Invited Speaker
Prof. Camillo Porcaro

Prof. Camillo Porcaro

Institute of Cognitive Sciences and Technologies (ISTC) – National Research Council (CNR), Rome, Italy
Speech Title: A functional source separation algorithm to enhance error-related potentials monitoring in noninvasive brain-computer interface

Abstract: An Error related Potential (ErrP) can be noninvasively and directly measured from the scalp through electroencephalography (EEG), as response, when a person realizes they are making an error during a task (as a consequence of a cognitive error performed from the user). It has been shown that ErrPs can be automatically detected with time-discrete feedback tasks, which are widely applied in the Brain-Computer Interface (BCI) field for error correction or adaptation. In this work, a semi-supervised algorithm, namely the Functional Source Separation (FSS), is proposed to estimate a spatial filter for learning the ErrPs and to enhance the evoked potentials.
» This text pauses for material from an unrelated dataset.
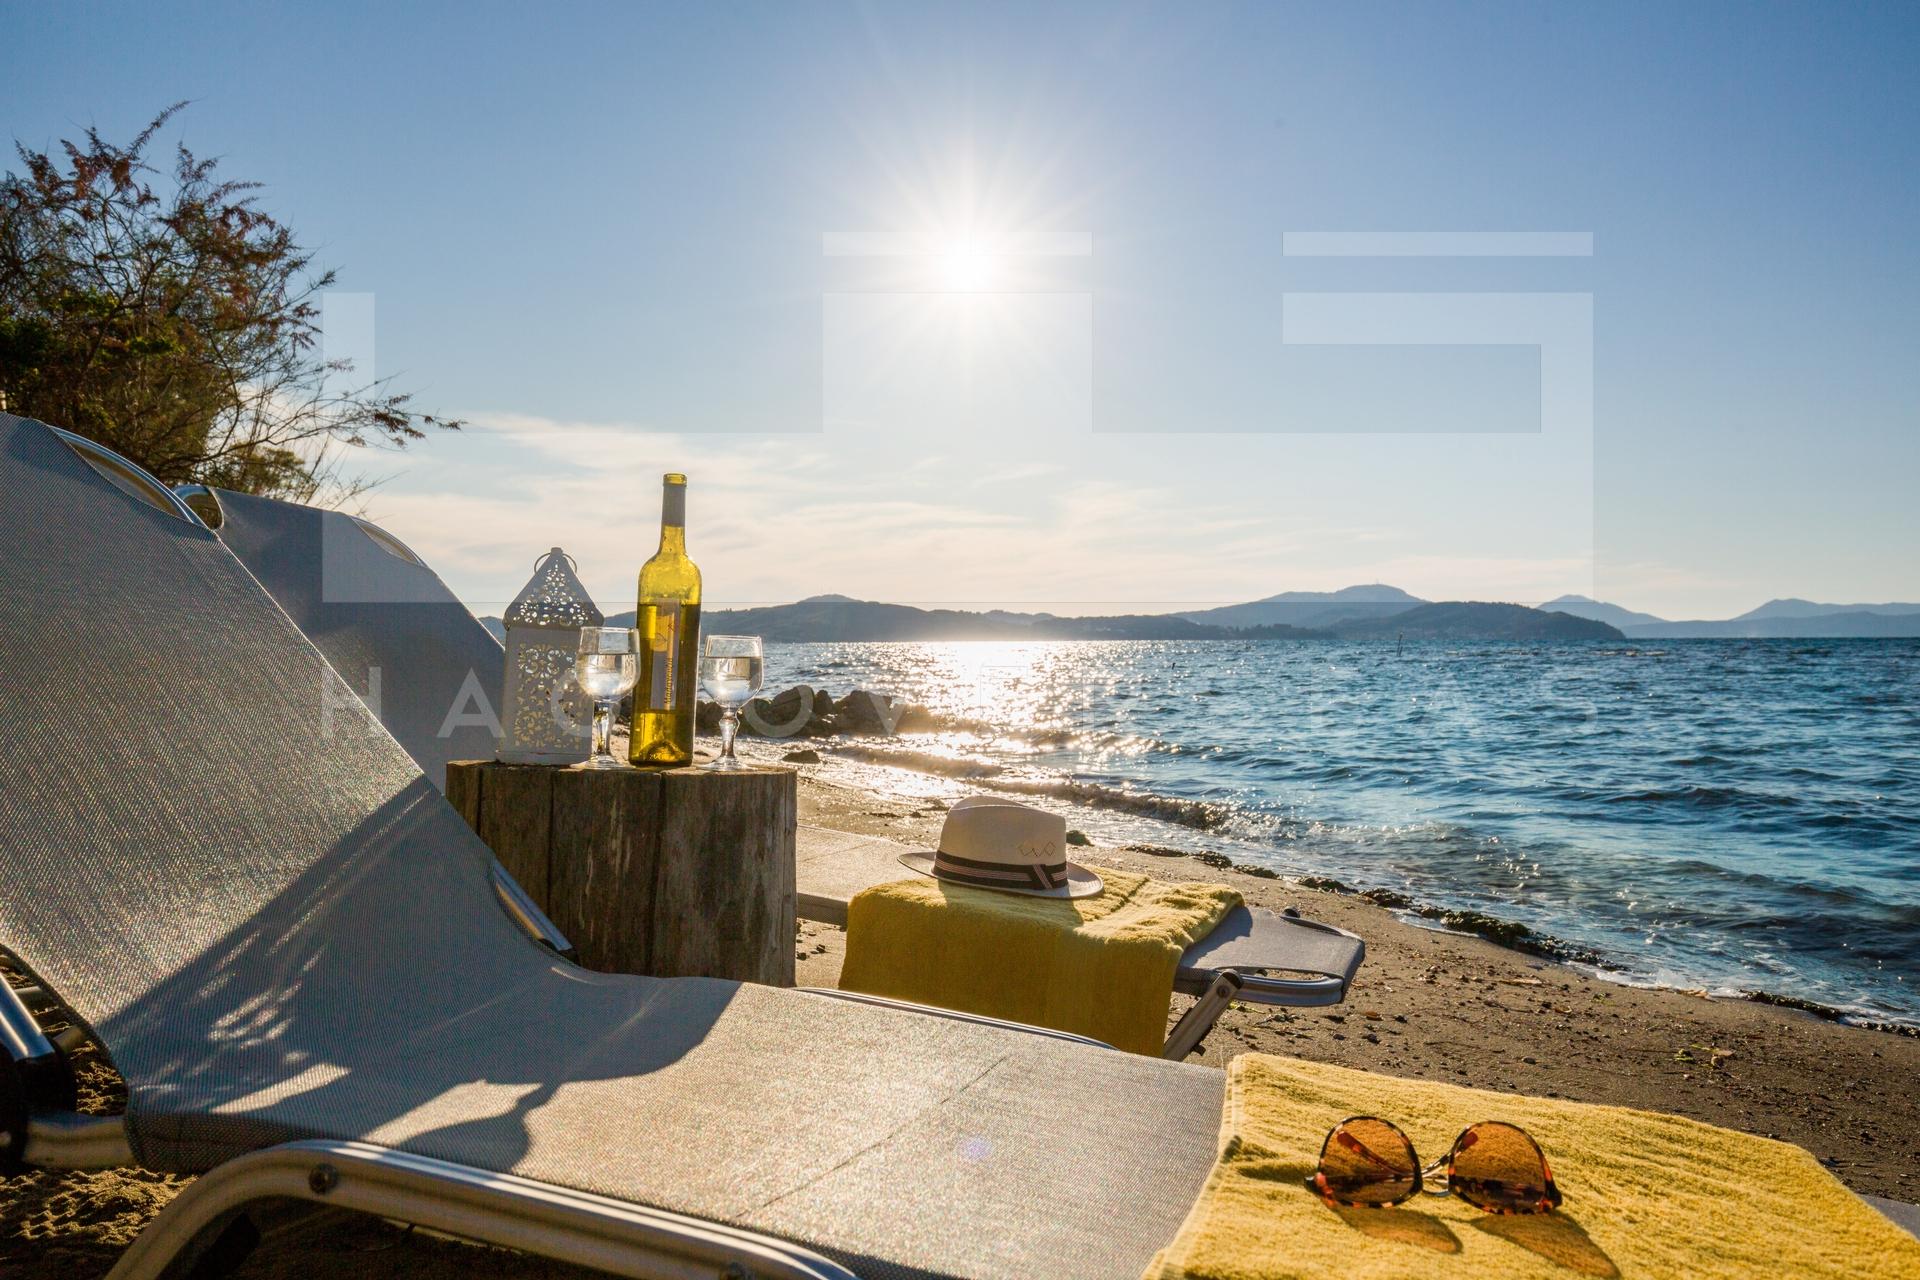 Property For Sale Corfu 2 Bedroom House Through Haq Overseas Ltd

EEG data recorded on six subjects were used to evaluate the proposed method based on FFS algorithm in comparison with the xDAWN algorithm. FSS- and xDAWN-based methods were compared also to the Cz and FCz single channel. The single-trial classification was considered to evaluate the performances of the approaches. (Both the approaches were evaluated on the single-trial classification of EEGs.) The results presented using the Bayesian Linear Discriminant Analysis (BLDA) classifier, show that FSS (accuracy 0.92, sensitivity 0.95, specificity 0.81, F1-score 0.95) overcomes the other methods (Cz - accuracy 0.72, sensitivity 0.74, specificity 0.63, F1-score 0.74; FCz - accuracy 0.72, sensitivity 0.75, specificity 0.61, F1-score 0.75; xDAWN - accuracy 0.75, sensitivity 0.79, specificity 0.61, F1-score 0.79) in terms of single-trial classification. The proposed FSS-based method increases the single-trial detection accuracy of ErrPs to both single-channel (Cz, FCz) and xDAWN spatial filters.


Biography: Prof. Porcaro is a computational neuroscientist with an interest in the development of novel analysis methods to extract information from non-invasive measures of brain activity. After a Ph.D. in Neuroimaging, at the University of Chieti (Italy) in 2008, he moved to the University of Birmingham for a post-doc on multimodal brain imaging. In 2011, he joined the Institute of Neuroscience, Newcastle University, after being awarded a highly competitive independent research position. In 2012, Prof. Porcaro moved back to Italy, where he currently holds an Independent Research Position at the Institute of Cognitive Sciences and Technologies (ISTC) – National Research Council (CNR), Rome, Italy. In 2014 and 2015, he was invited as Visiting Professor at the Neural Control of Movement Lab, Department of Health Sciences and Technologies ETH, Zurich, Switzerland. From 2016 to 2020, he has also been Visiting Professor at the Department of Human Kinesiology, Movement Control & Neuroplasticity Research Group, KU Leuven, Belgium. Since 2015, Prof. Porcaro is Adjunct Professor at Department of Information Engineering – Università Politecnica delle Marche, Ancona.